## INFORMATION SHOWN
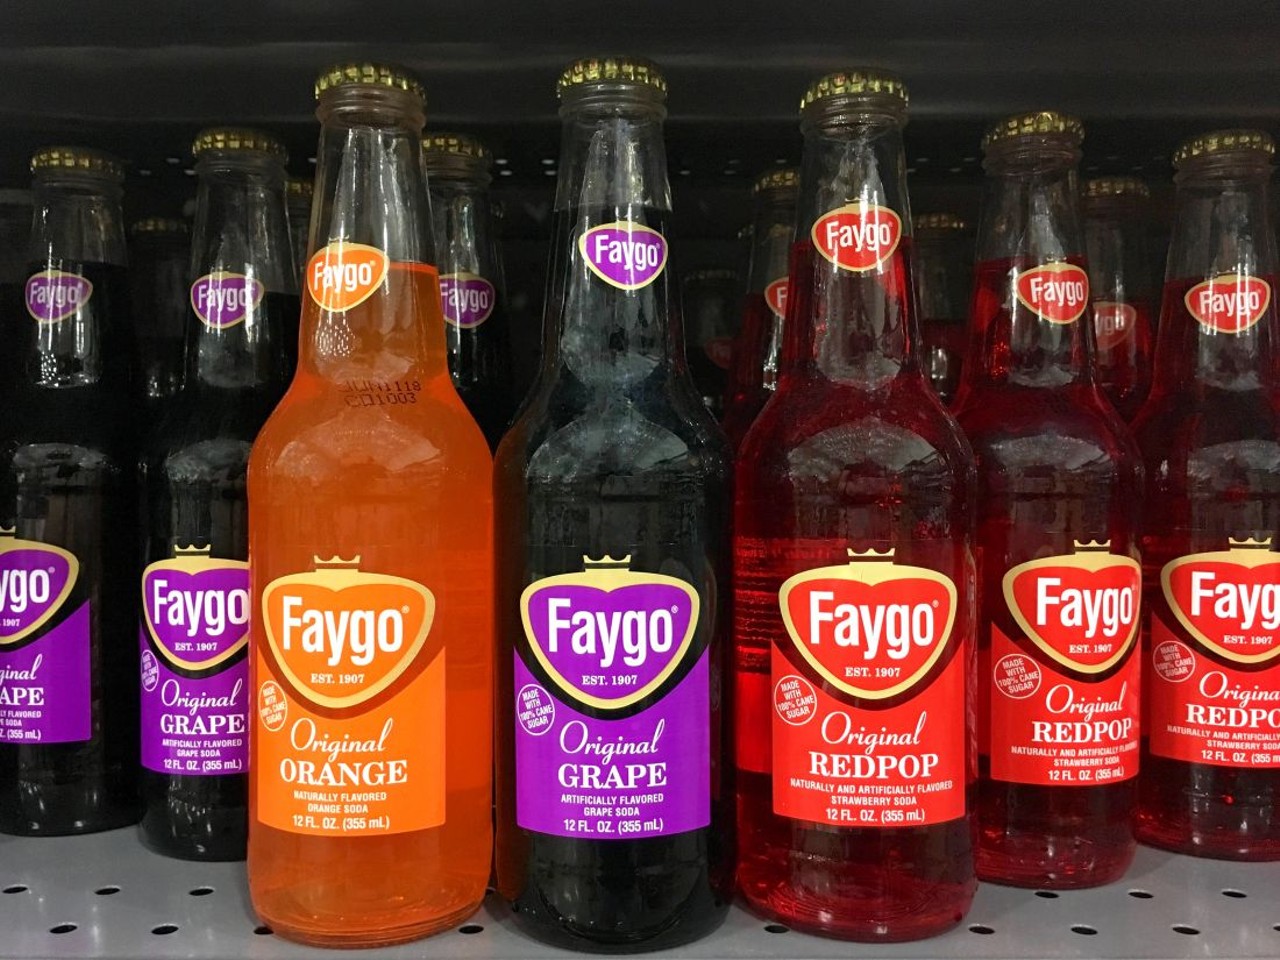 Detroit brand loyalty
Who but a Detroiter stocks their cupboards with nothing but Better Made chips, McClures pickles, Vernors, Faygo, and Strohs? If it&#146;s from Detroit, we love it.
Photo via Sheila Fitzgerald / Shutterstock.com

## DESCRIPTION OF THE TASK
Output, unchanged, the lines from the line with "Who but a Detroiter" through the final line of the material.

## COMPLETED EXERCISE
Who but a Detroiter stocks their cupboards with nothing but Better Made chips, McClures pickles, Vernors, Faygo, and Strohs? If it&#146;s from Detroit, we love it.
Photo via Sheila Fitzgerald / Shutterstock.com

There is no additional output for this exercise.